My name is Anna and I am a designer. My great passion for home, furnishing and everything is done by hand, allowed me to fulfil my great dream: nowadays I had the good luck to do the job I like.
I was born in Assisi and I have always lived in my native village, the birthplace of St. Francis; for love of my country and for working reasons I settled here; in the last few years I have met several artisans on my way and I have establish with them many relationships to give a contemporary interpretation of all that is traditional.
Was it bound to happen? …maybe! My father is a craftsman, a carpenter and a restorer. As a child I spent a lot of summers in his workshop where I still pass my time, indeed my father is the main craftsman I work together with.
In this column I will talk you about arts and crafts, materials, design, creativeness, all those places characterized by Umbria’s outstanding features which are done good and with heart!
The Joiner's Workshop
Today my journey starts closely, from the place which affected me to become a designer: the Workshop of Fulvio Bertinelli.
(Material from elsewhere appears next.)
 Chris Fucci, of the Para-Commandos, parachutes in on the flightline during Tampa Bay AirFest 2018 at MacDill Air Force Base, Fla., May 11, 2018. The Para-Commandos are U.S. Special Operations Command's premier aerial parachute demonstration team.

The carpenter’s shop is welcoming: it is located in an industrial estate but fortunately it gives onto the country, whereas the higher windows overlook the Assisi hills and all other small villages surrounded by vegetation. This place looks contemporary but has an ancient flavour… it preserves an old knowledge about the technique and experience handed down! Whenever I enter, I am immediately affected by the evocative scent of wood, which takes me back to another dimension arousing an exciting sensory play. It happens every time! However, before losing myself in stories about essences and features of this material that I love, I wish to talk you about the work in carpentry.
All work done by my father is handcrafted; in the joiner’s shop there are some modern machines which are very indispensable to work, even if many steps necessary to manufacture a piece of furniture are still carried out by hand, with manual machines, as we did hundreds of years ago.
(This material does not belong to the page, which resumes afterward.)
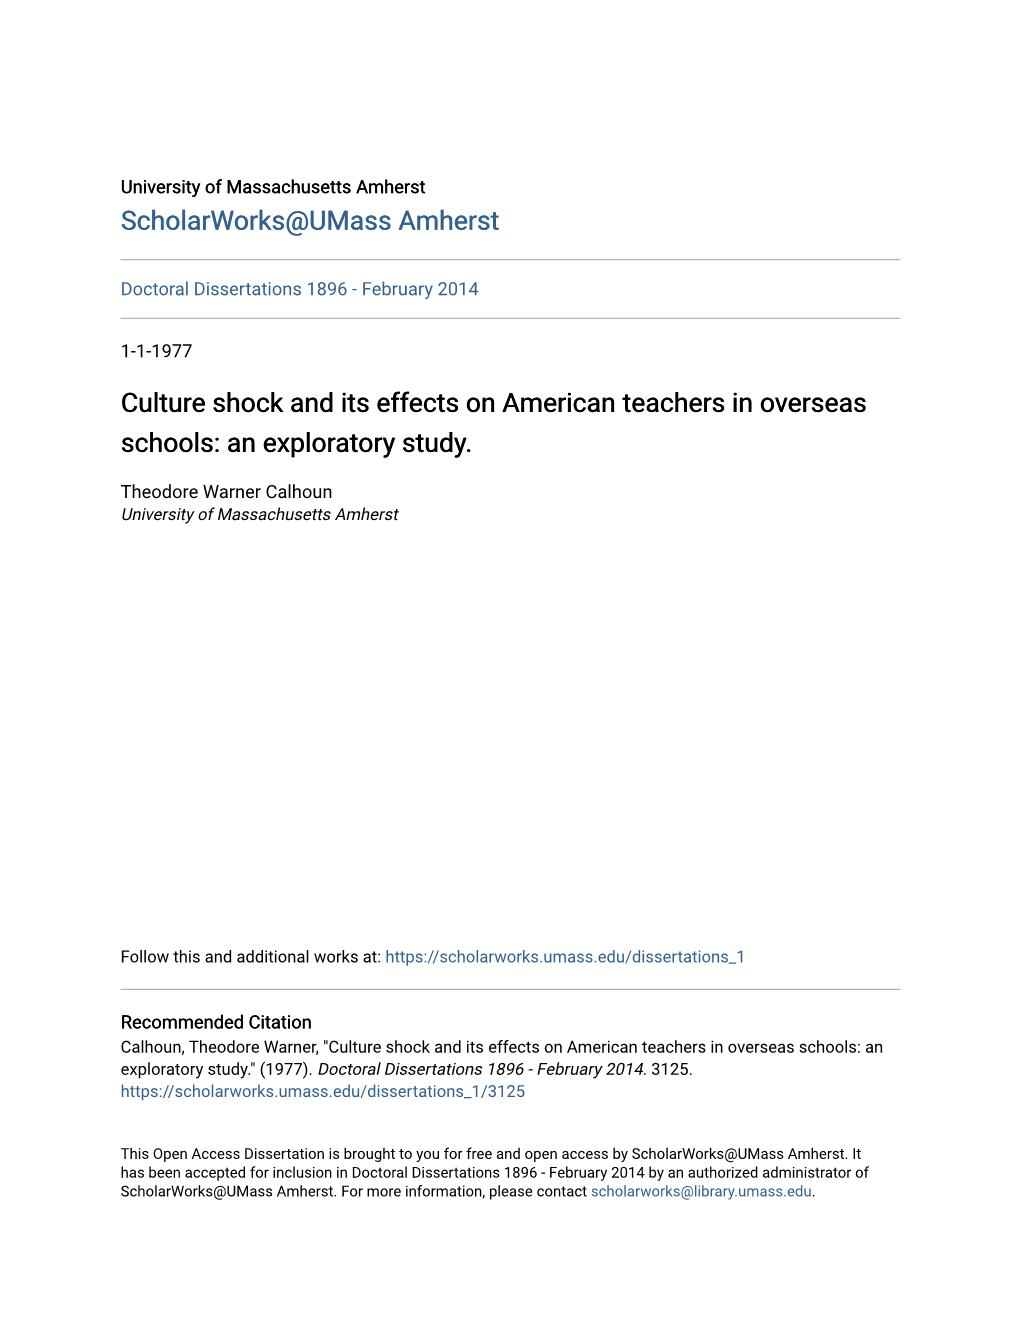 Culture Shock and Its Effects on American Teachers in Overseas Schools: an Exploratory Study

Plane, file, rasp, chisel: they are small tools offering a great charm to the handcrafted furniture. It keeps knowledge, techniques, and the good produced will show evidence of handwork made in a precise, meticulous and careful way. From the accurate and skilled work of the carpenter, wooden boards turn into high-quality and well-finished masterpieces. Oil, shellac, beeswax: they are just some possible natural finishes, but since wood is a natural and living material, these finishes are the most recommended to the customer who wishes a first-rate and “green” object, one hundred per cent.
A Balm for the Senses
The carpenter’s job is surely a complex one; it consists of stages of study and research, feasibility study, employment of the technique, choice of wood and finishes… But I think this job offers you the great privilege of being in contact with a living, warm, scented, coloured material that is also agreeable to the touch. So, the sensory play is again stimulated when I observe and touch all the essences that are in the shop; mostly local woods, that are typical of our territory: the valuable, solid, smooth and rich brown walnut; the white and “rough” oak, often treated with the technique of brushing; the soft and white poplar of modest value, Albanello of old craftsmen; the bright pink cherry, chestnut with its clear nuances, the mystical, bended and knotted olive…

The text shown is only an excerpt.